Rizki Maulana, pengelola media online berbasis Aceh, menilai kebijakan ini mengabaikan peran pers sebagai pengawas kebijakan publik.

“Baliho dan videotron hanya menampilkan citra visual, bukan jurnalistik. Seharusnya anggaran iklan memperkuat media yang menjalankan fungsi kontrol sosial,” katanya.

Seorang manajer pemasaran dan periklanan di sebuah media cetak mingguan terverifikasi Dewan Pers, yang memilih tetap anonim, menambahkan:

BACA JUGA...  Ucapan Selamat Hari Raya Idul Adha 1445 H, Haili Yoga Terpampang di Aceh Tengah 

“Kami sudah memiliki kantor, legalitas, dan wartawan bersertifikat. Namun anggaran promosi lebih diprioritaskan ke media luar ruang,” ujar sumber tersebut, Kamis, 17 April 2025.

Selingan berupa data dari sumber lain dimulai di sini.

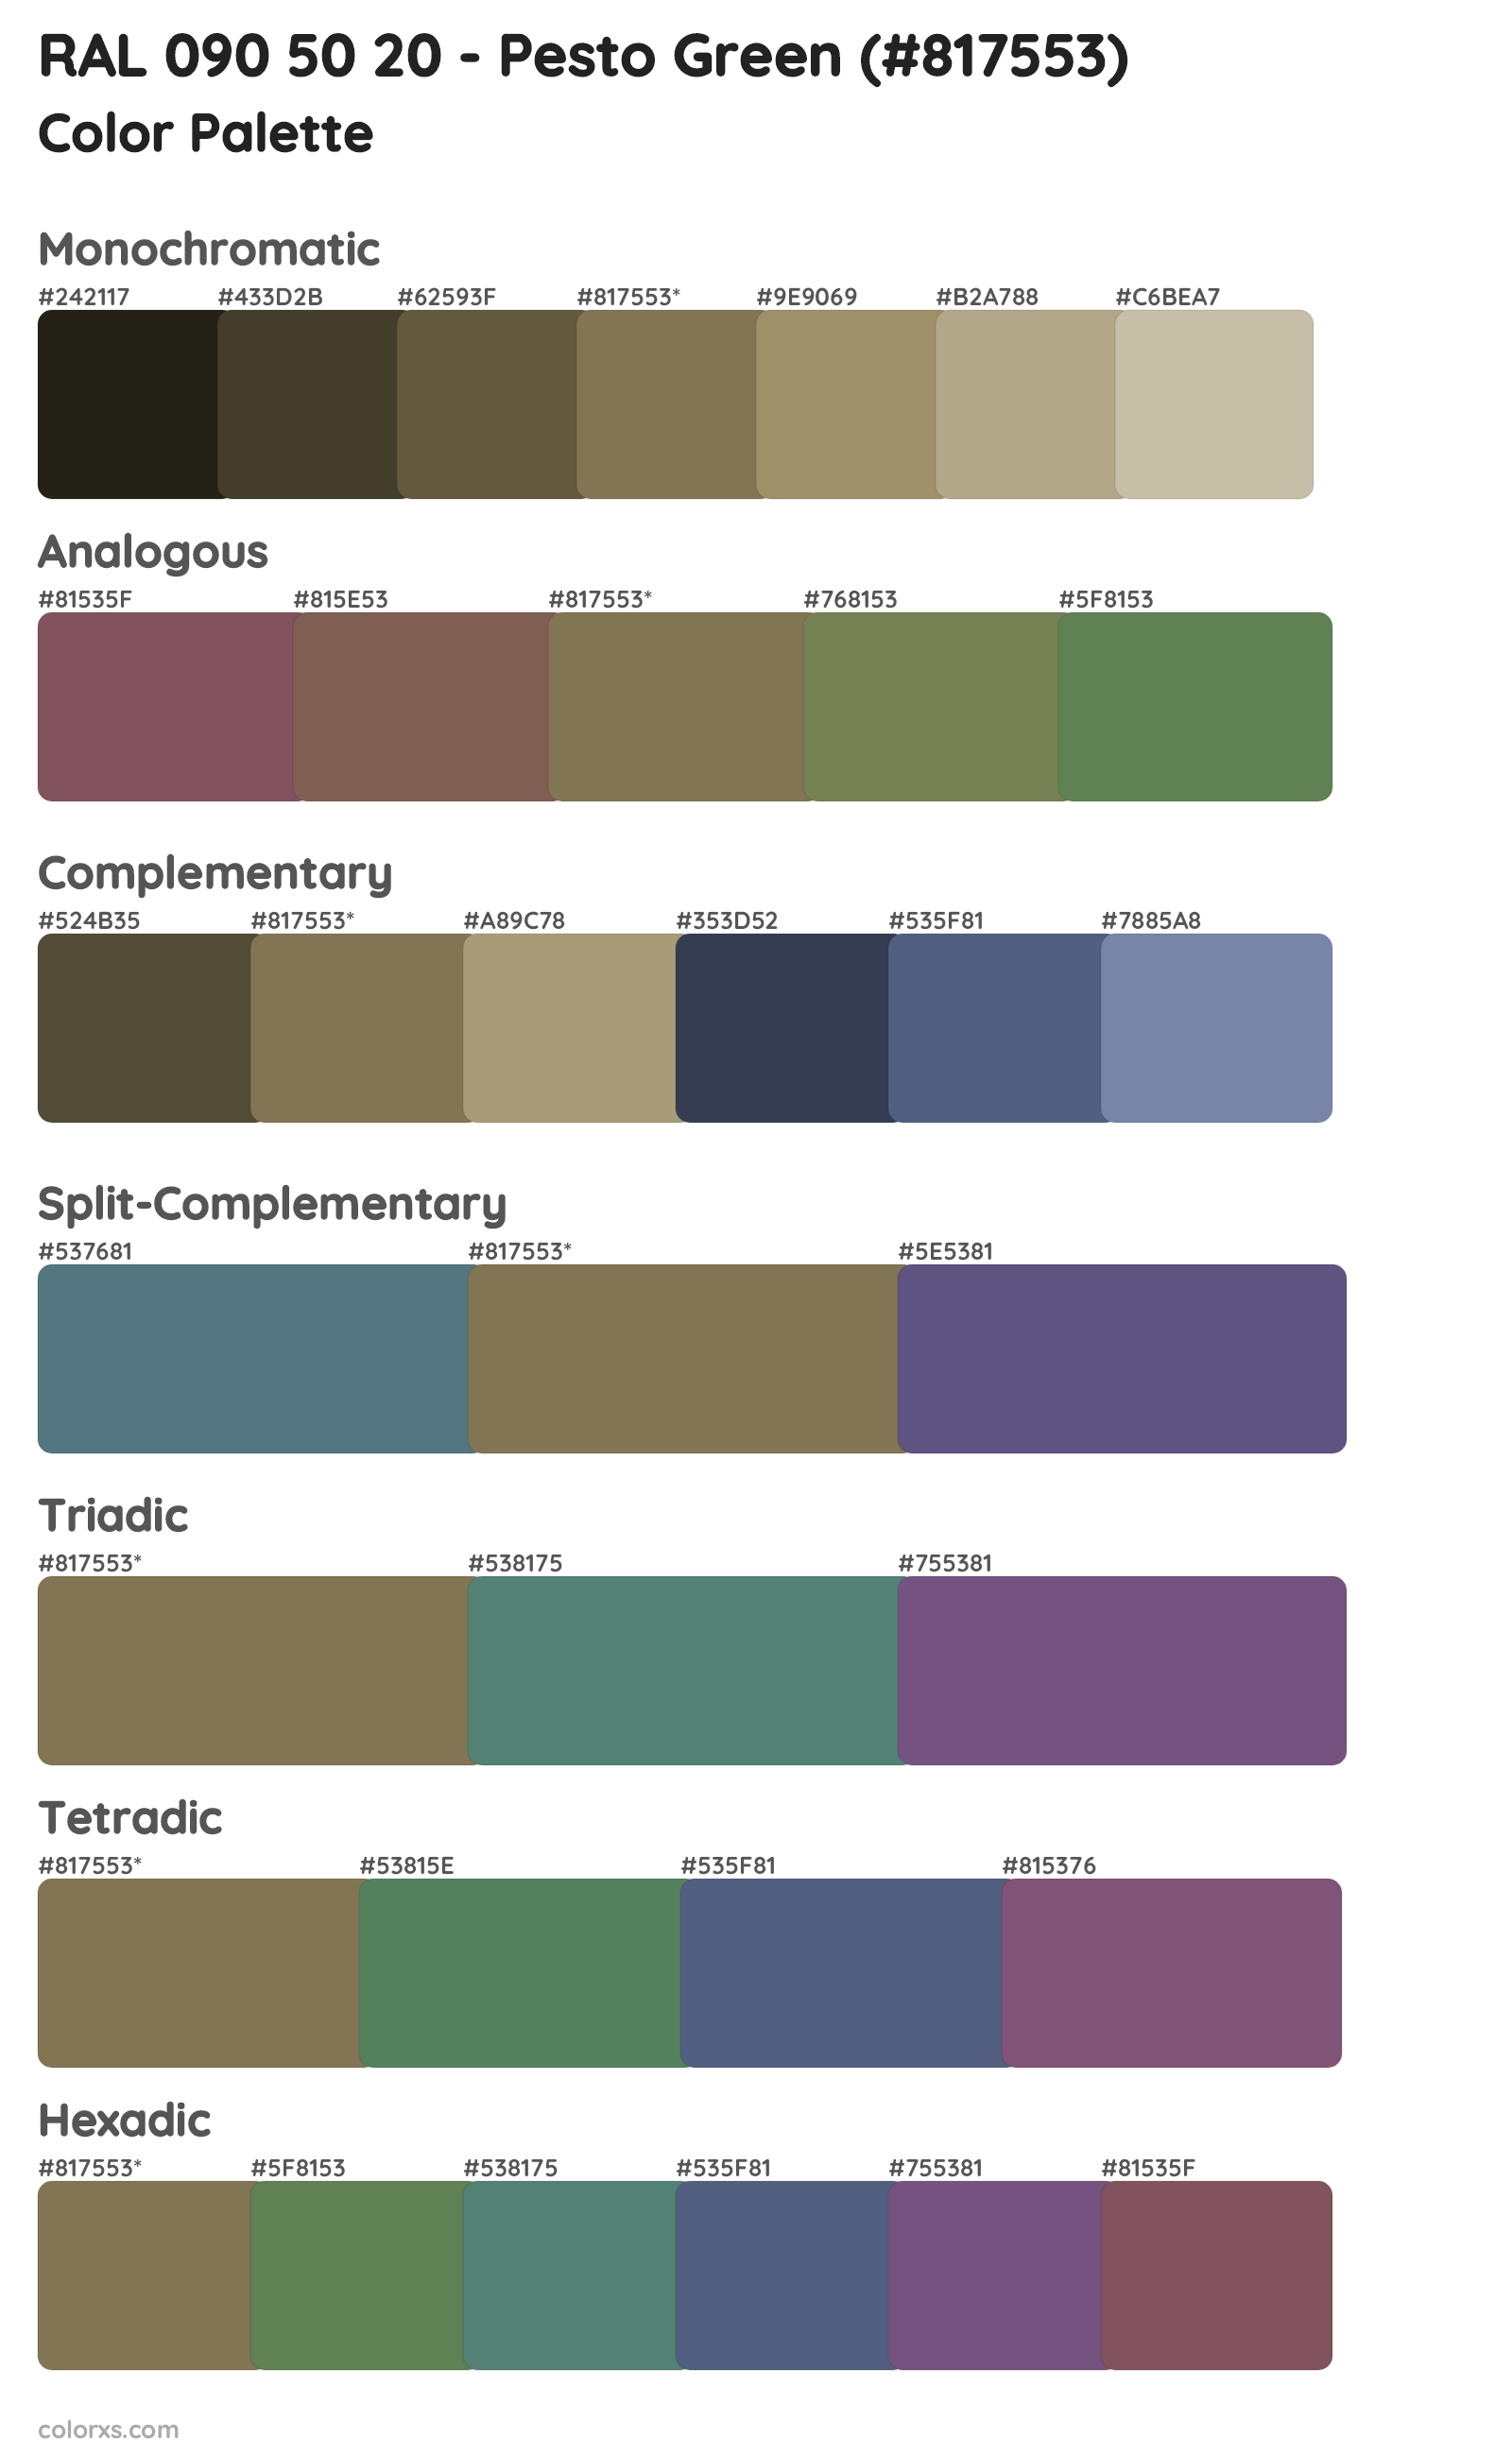 RAL 090 50 20 - Pesto Green Color Scheme Palettes
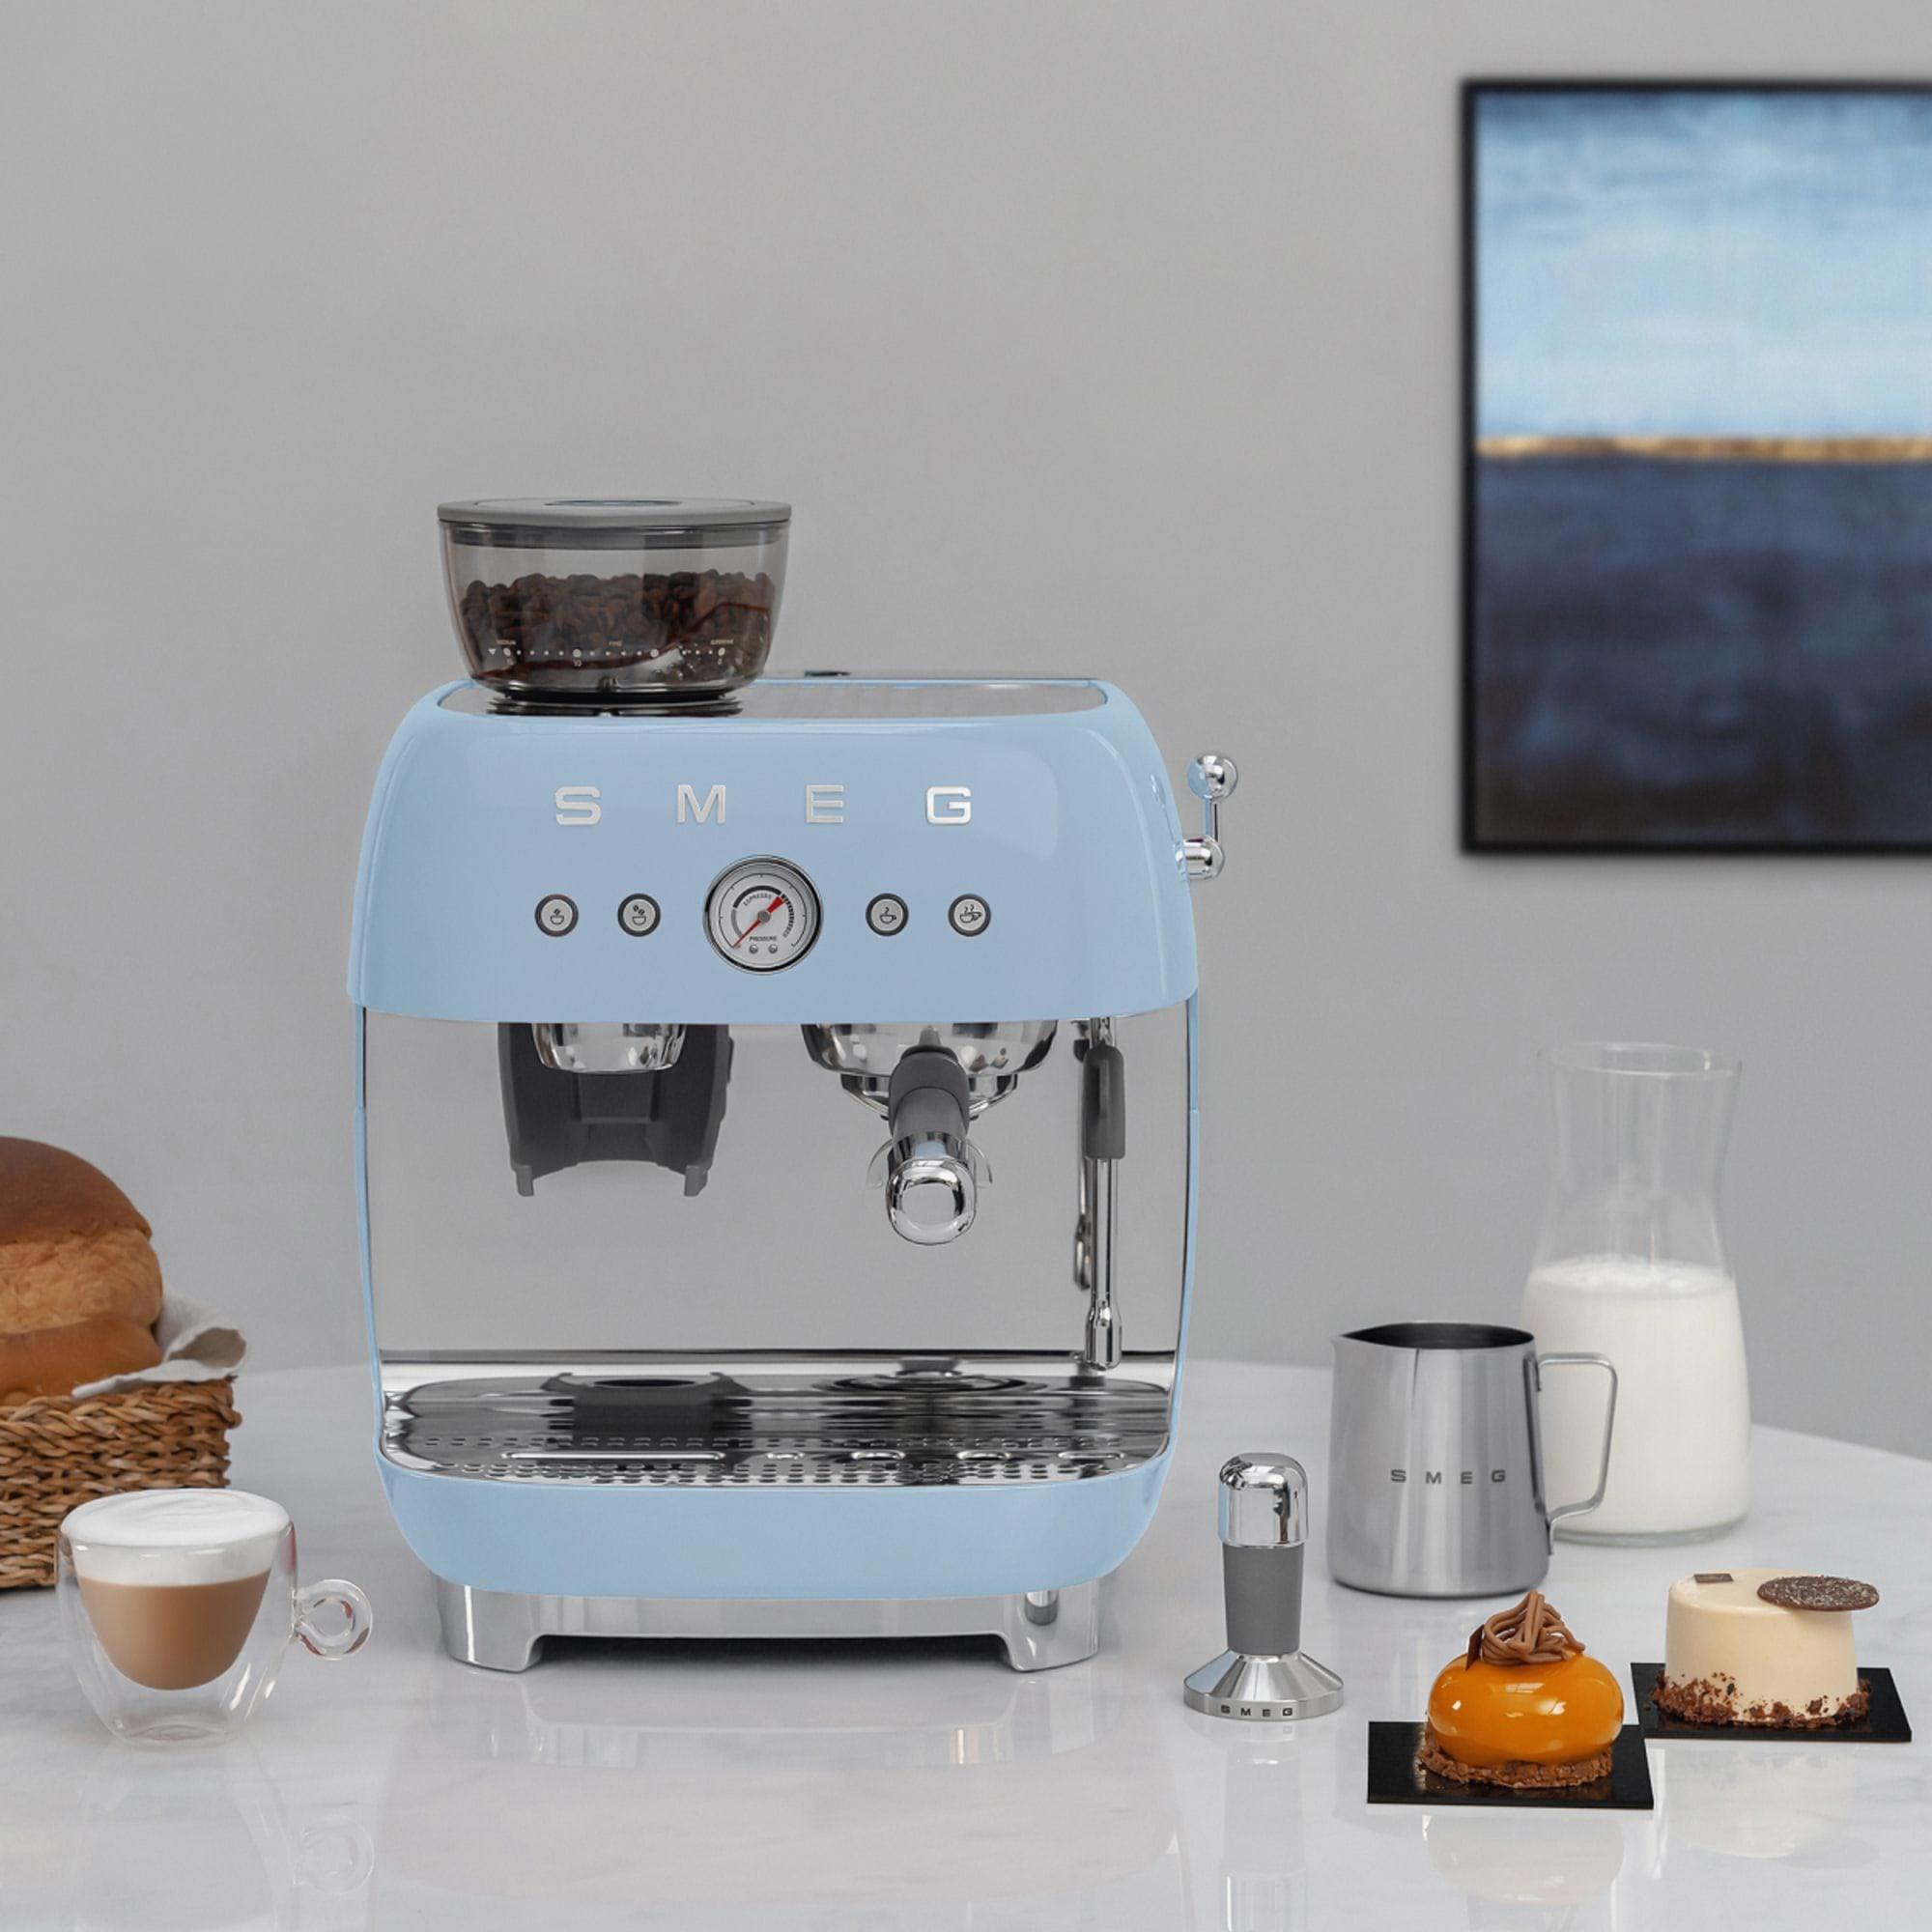 Smeg 50's Retro Style Espresso Machine with Built In Grinder Pastel Blue Image 3

Menurut informasi yang diperoleh redaksi media ini, Kamis, 17 April 2025, salah satu alasan pergeseran anggaran adalah untuk menghindari konflik antar media saat pembagian iklan rutin. Namun, sejumlah pihak menilai solusi tersebut justru merugikan seluruh ekosistem media.

Hingga kini, upaya konfirmasi terhadap pengambil kebijakan di Pemerintah Aceh dan DPRA belum membuahkan jawaban. Sementara itu, para pengelola media berharap ada kebijakan distribusi anggaran yang lebih adil agar keberlangsungan pers lokal tetap terjaga. (MKT)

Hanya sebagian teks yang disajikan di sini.